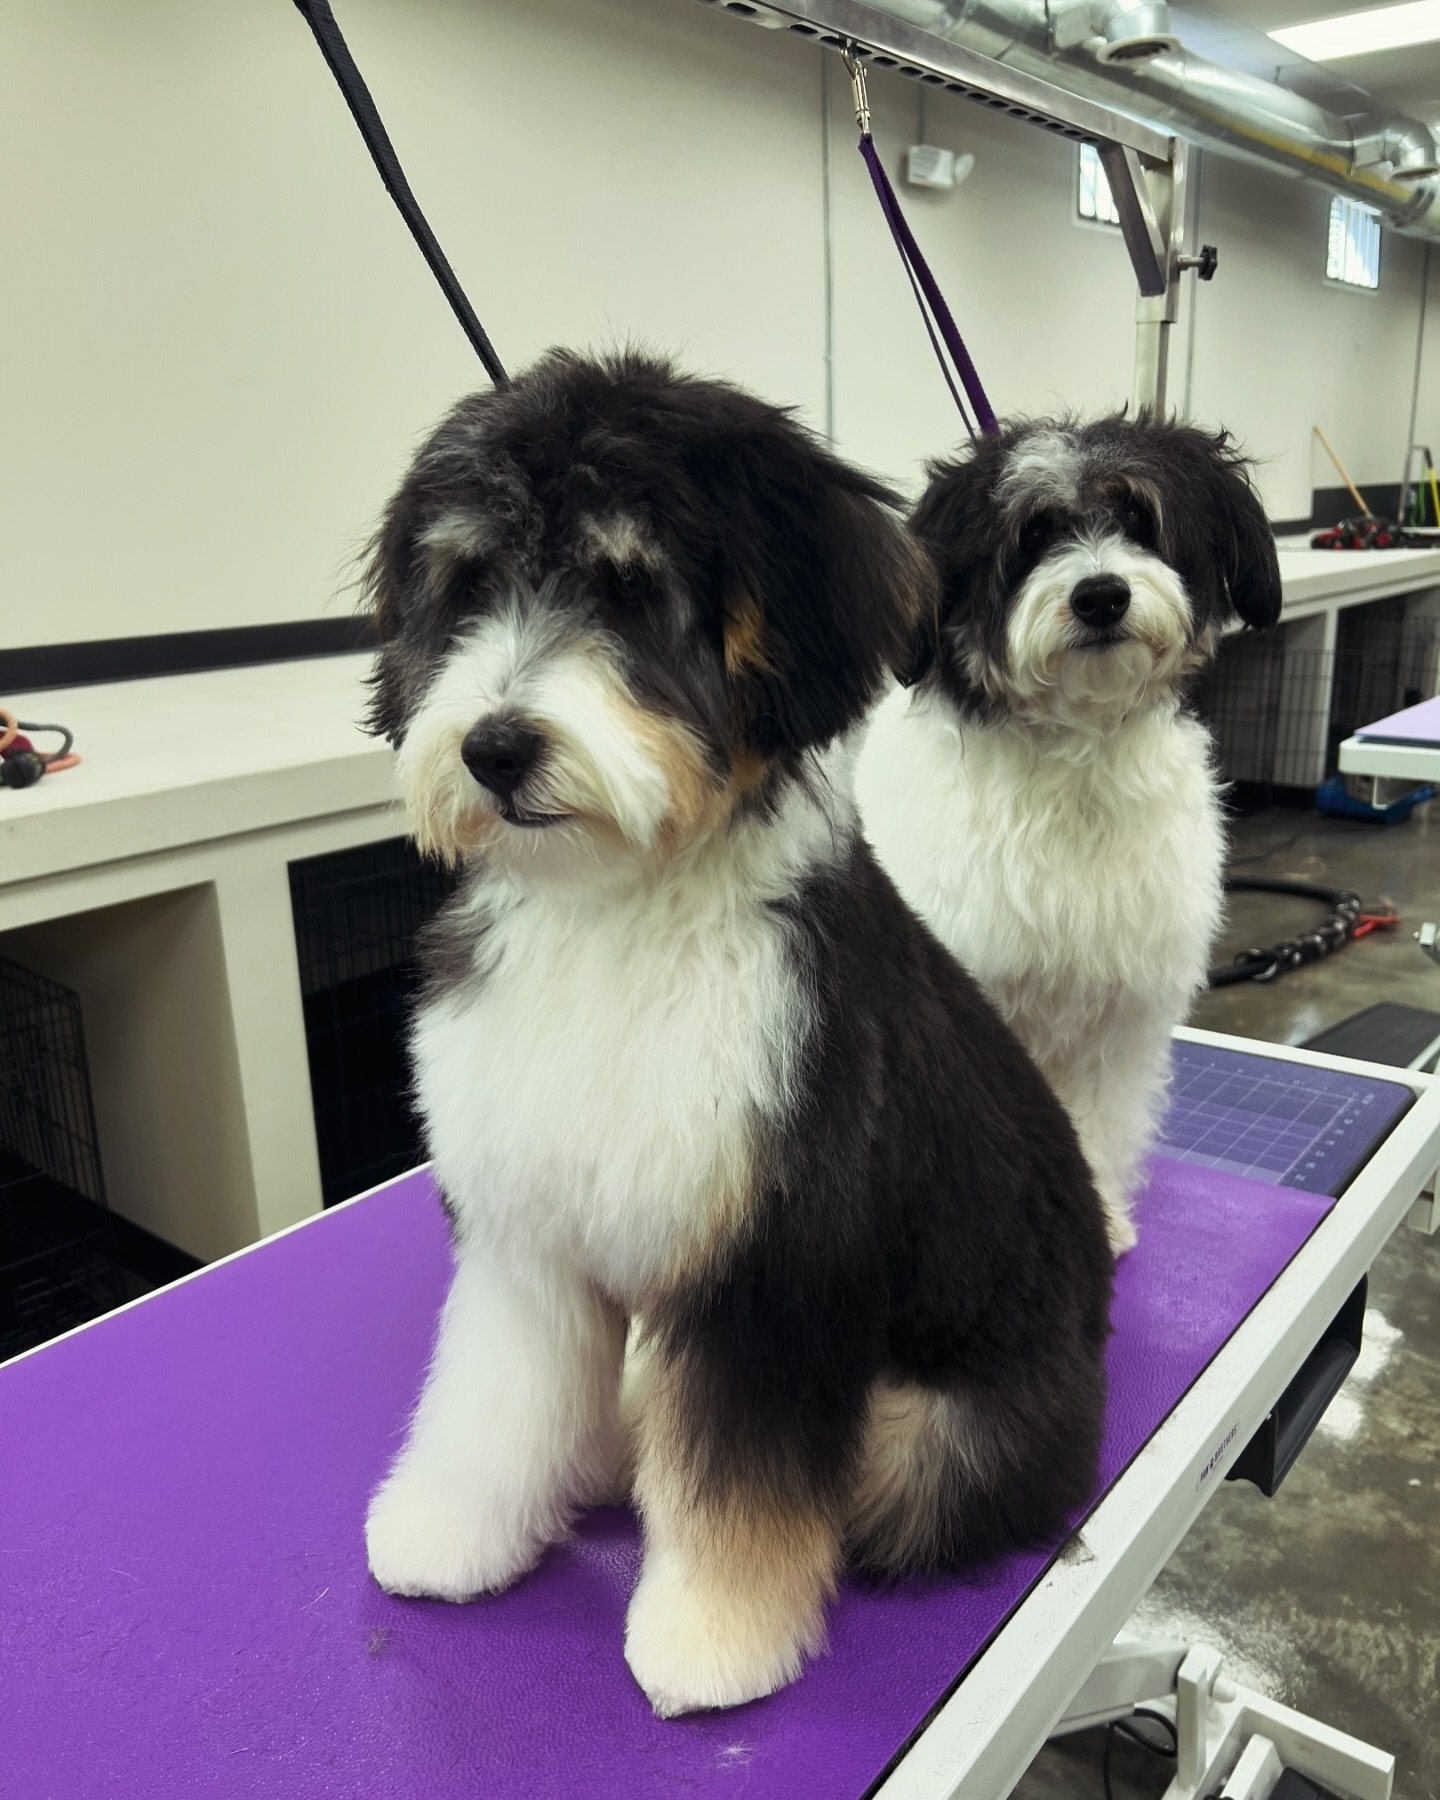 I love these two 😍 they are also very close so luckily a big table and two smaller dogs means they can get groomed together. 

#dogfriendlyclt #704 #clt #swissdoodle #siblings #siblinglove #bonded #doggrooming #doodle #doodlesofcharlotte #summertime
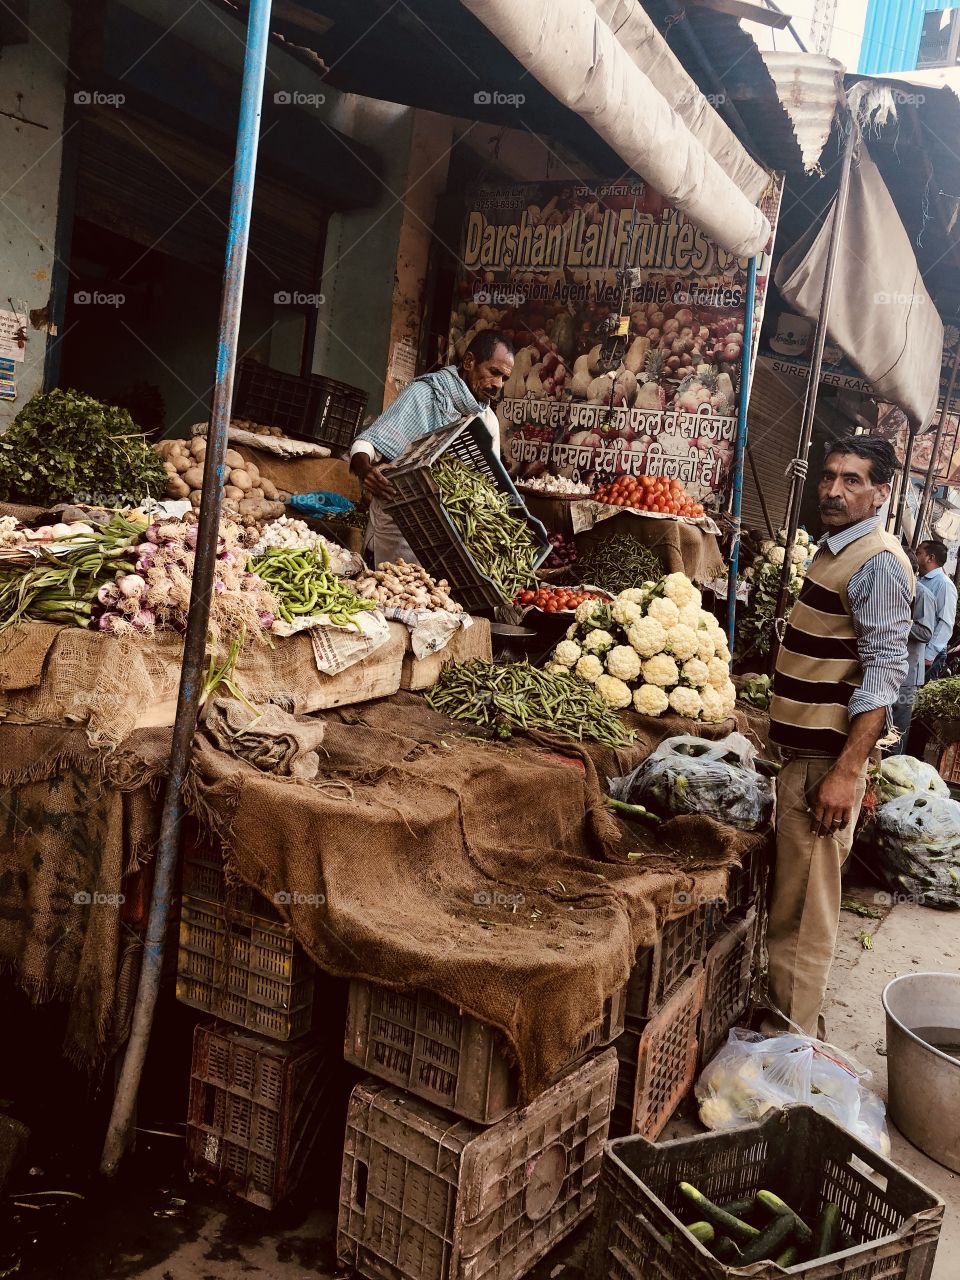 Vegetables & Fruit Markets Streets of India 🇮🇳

==

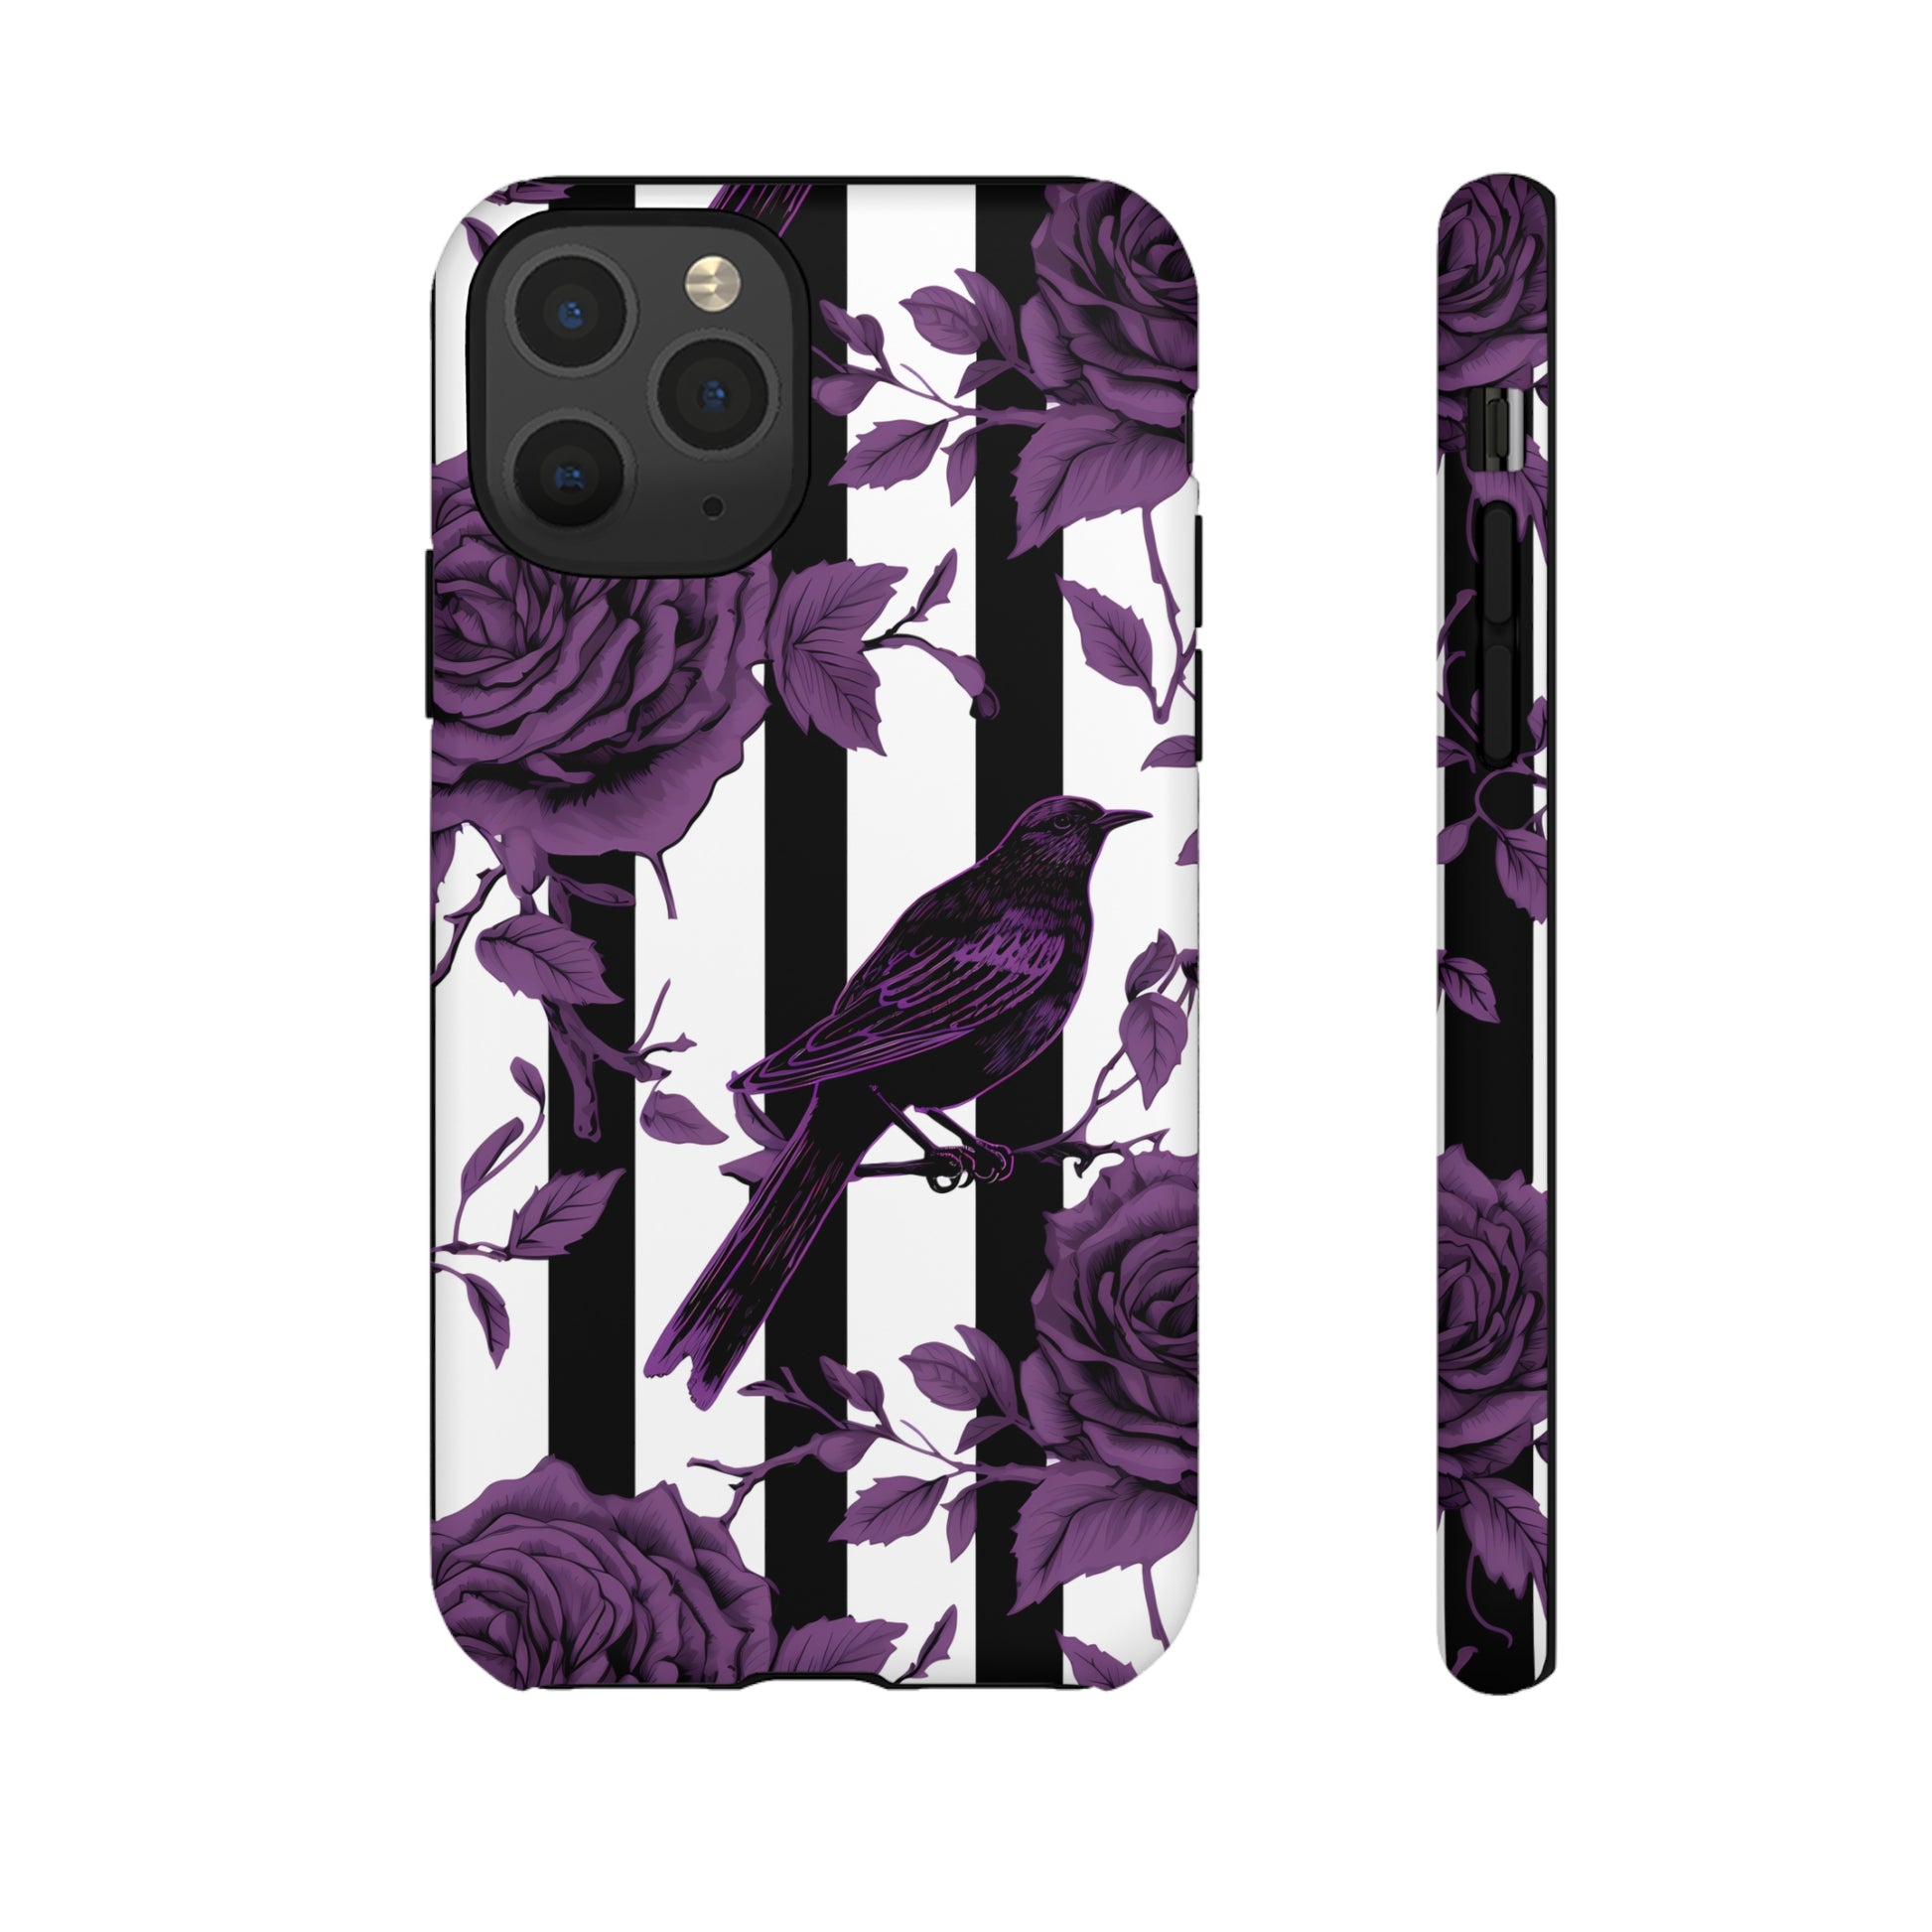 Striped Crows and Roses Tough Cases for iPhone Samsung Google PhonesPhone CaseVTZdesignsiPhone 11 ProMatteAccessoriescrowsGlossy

• _THE TASK_
Starting with the line that contains "I love these" and finishing with the line that contains "Vegetables & Fruit", reproduce every line of the material above exactly, but not the pictures.

• _TASK RESULT_
 I love these two 😍 they are also very close so luckily a big table and two smaller dogs means they can get groomed together. 

#dogfriendlyclt #704 #clt #swissdoodle #siblings #siblinglove #bonded #doggrooming #doodle #doodlesofcharlotte #summertime
 Vegetables & Fruit Markets Streets of India 🇮🇳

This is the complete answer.